The Detour Room

before the finished thought

Notes on BBC Merlin

As a TV series, Merlin (BBC, 2008-2012) occupies a very interesting ecological niche. It’s the bottom feeder to Doctor Who (BBC, 2005-present), a show designed to scoop up anyone who isn’t watching the BBC’s flagship without, y’know, actually competing with it.

The BBC doesn’t need to compete with itself, but even for the non-BBC shows in this niche… Come on, you’re never going to successfully compete with Doctor Who. So you get this weird motley crew of low-budget fantasy/sci fi TV shows that are genuinely trying to make something watchable - but not trying all that hard. Other programs in this category include: Robin Hood (BBC, 2006-2009), Primeval (ITV, 2007-2011), and Atlantis (BBC, 2013-2015). A lot of these shows have interesting relationships with Doctor Who in their production history, as well: Robin Hood was designed to fill its Saturday evening slot between series, and Primeval was ITV’s attempt to replicate its success.

Speaking of Doctor Who: there’s an episode of fan podcast Pex Lives (I will seek out the exact one at some point!) where the guest talks about how a lot of modern television feels like it’s been writers-roomed to death. Everything is slick, co-ordinated. Everyone’s gotten together and sorted out their one cohesive vision for what this story is. There’s a lot to be said for this, yes, but it means you don’t get the strange, enchanting jaggedness of older programs. A dud here, a masterpiece there, something wildly off-tone around the bend. Merlin is jagged to its core - a brilliantly shot, intimate, heart-wrenching sword fight between father and son sits right next to 45 minutes of tepid fart jokes. How am I supposed to look away?

Merlin perfectly demonstrates Henry Jenkins’ point about fascination and frustration being the core motors of fandom: 'if media content didn't fascinate us, there would be no desire to engage with it; but if it didn't frustrate us on some level, there would be no drive to rewrite or remake it.' You need parts of the story to be good and parts of it to be fucking terrible. This, too, is a kind of jaggedness. High highs and low lows. A smooth surface is delightful to the touch, but it doesn’t give you any purchase. You can’t grab onto it, can’t make a mark without ruining what’s there.

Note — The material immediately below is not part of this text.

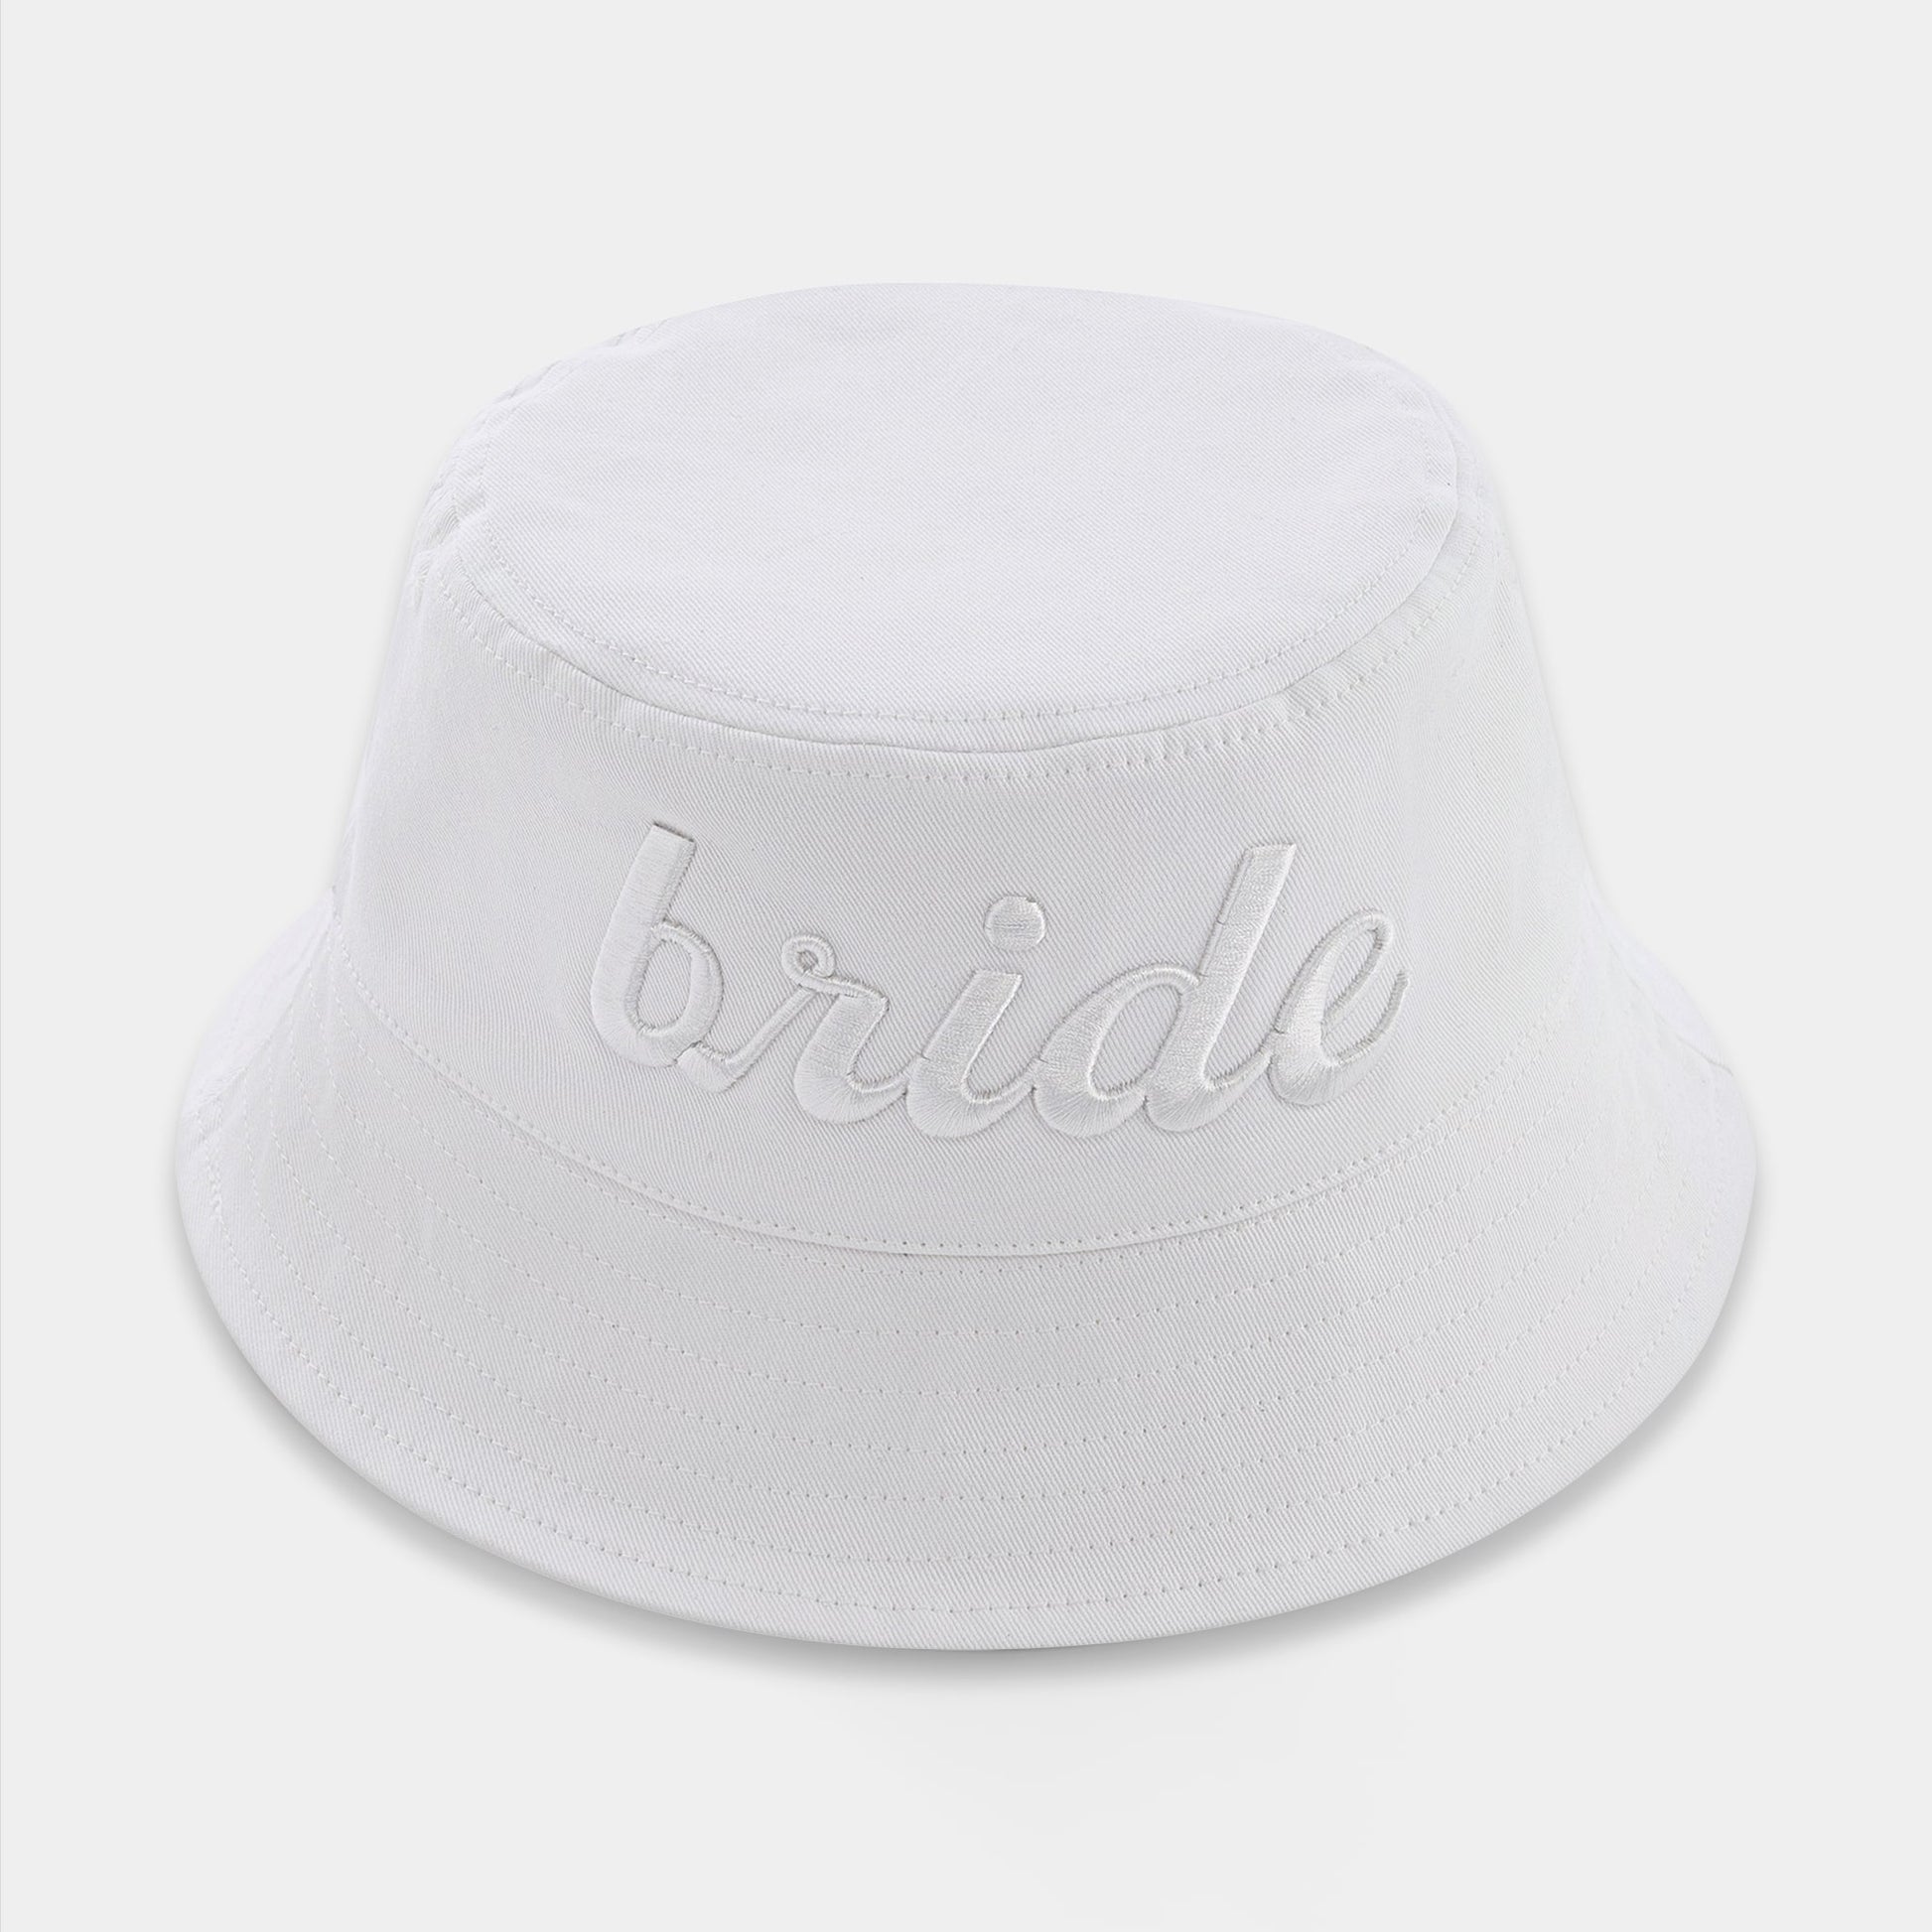 White-on-white embroidered Bride Bucket Hat, made of 100% cotton twill.

It’s what John Fiske describes as ‘producerly’ media - combining the accessibility and easiness of the readerly text with the openness to multiple meanings of the writerly text (as originally theorised by Roland Barthes). To quote Fiske in more detail:

‘[a producerly work] offers itself up to popular production; it exposes, however reluctantly, the vulnerabilities, limitations, and weaknesses of its preferred meanings; it contains, while attempting to repress them, voices that contradict the ones it prefers; it has loose ends that escape its control, its meanings exceed its own power to discipline them, its gaps are wide enough for whole new texts to be produced in them—it is, in a very real sense, beyond its own control.’

I personally can’t think of a better example than BBC Merlin. Magic is homosexuality, except when it’s not. Morgana is a cartoon villain, but she also has a point. You can watch it without taking it too seriously, or you can spend entire hours thinking about its brilliant, tragically unrealised possibilities of character and setting (or quite how stunningly attractive Katie McGrath looks in her series 1 sword outfit). Is BBC Merlin good? Yes. No. It’s complicated - popular production, popular pleasures. The kind you only get when the story in question is amazing and shit in equal measure.

Also I’m obsessed with this Bradley James interview in which he compares having your sister go missing for a year to thinking you’ve lost your wallet. Thanks, Bradley.